There I was, alone in Atlanta, and homeless. I didn’t have any money, I didn’t have any family, and my social circle was very limited, but for some reason, I wasn’t afraid of what the future held for me because I believed within my heart that I would be okay. My faith in God wouldn’t let me have it no other way.
Within an hour of me leaving my friend’s home, the same guy who sent me the $150 to move to Atlanta had called me up. He and I were cordial but we didn’t talk consistently. How timely was it that he was calling me up after all of that drama that had gone down between my friend and I? To top it off, I was hungry and he was asking me out to lunch. Immediately, I began to shed light on the recent chain of events. And with him being the friend he was, he told me I could stay with him. How awesome God was!
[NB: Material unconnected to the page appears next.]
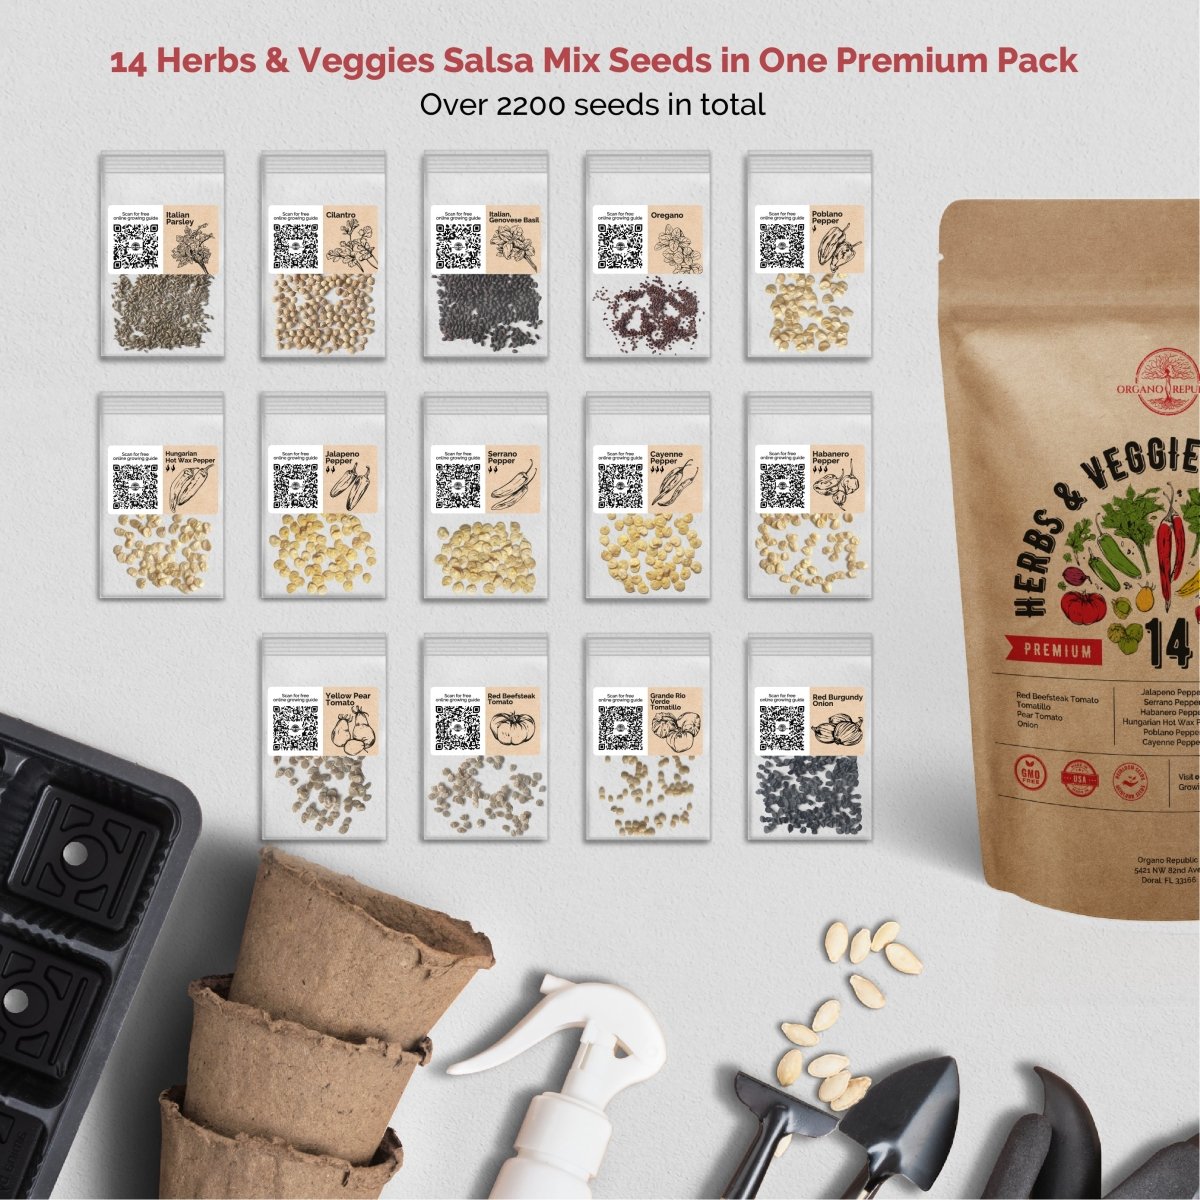 10 Rare Beet & 14 Salsa Mix Seeds Variety Packs Bundle - Organo Republic
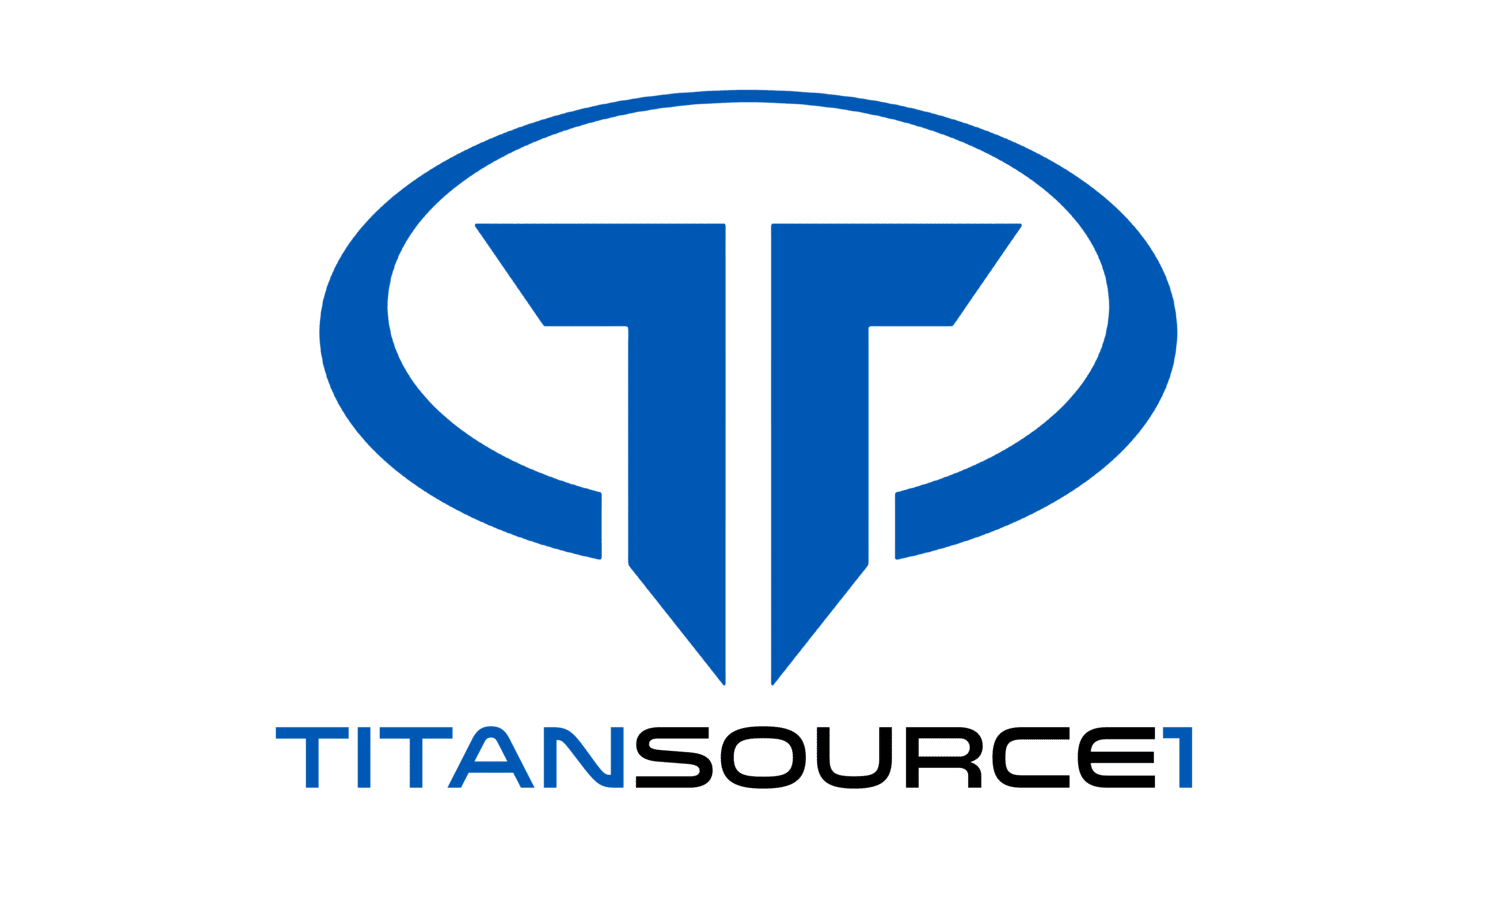 Titan Source 1

I now had a place to go to. Granted, I wasn’t as comfortable with staying with him, but it was still better than having no place to go at all.
The first few nights were very difficult. I wasn’t comfortable. My friend and I were still going back and forth and I was just caught up in the wrong things. At that time, I was still financially dependent on my friend. Therefore, I had to play the role. I would do whatever I had to do to get gas, have money for food, and to maintain. At night, I would go back to “Sean’s” house and sleep in my own bed, had my own room, and enjoyed my space. But during the day, I was going over to “Mike’s” to get money. I was essentially using Mike to get gas money to travel to interviews.
My arrangement went pretty good with Sean for the most part. We agreed that I could stay with him as long as I was actively looking for a job. Anything after a month would result in me having to start to pay rent. Essentially, his home became a shelter for me. I was able to stay with him at night but during the day I was on my own. And when he went out of town, I was looking for another place to stay. Again, I didn’t tell anyone what was going on. Instead, I would sleep in my car when I didn’t have any place to go. Don’t get me wrong, I fully understand and respect his decision since he didn’t know me from Adam to Eve. But it was also very trying for me because it was over 90 degrees outside and here I was trying to sleep in my car. I became so sleep deprived that I would hallucinate.
Anywhere I could sleep and shower, I became grateful for, and sadly, I’d rather live this life style than to give up and go home. Why? I believed in myself. I had faith that if I could only get past this point in my life then I would be okay. And I would. But not without sacrificing everything I believed in first.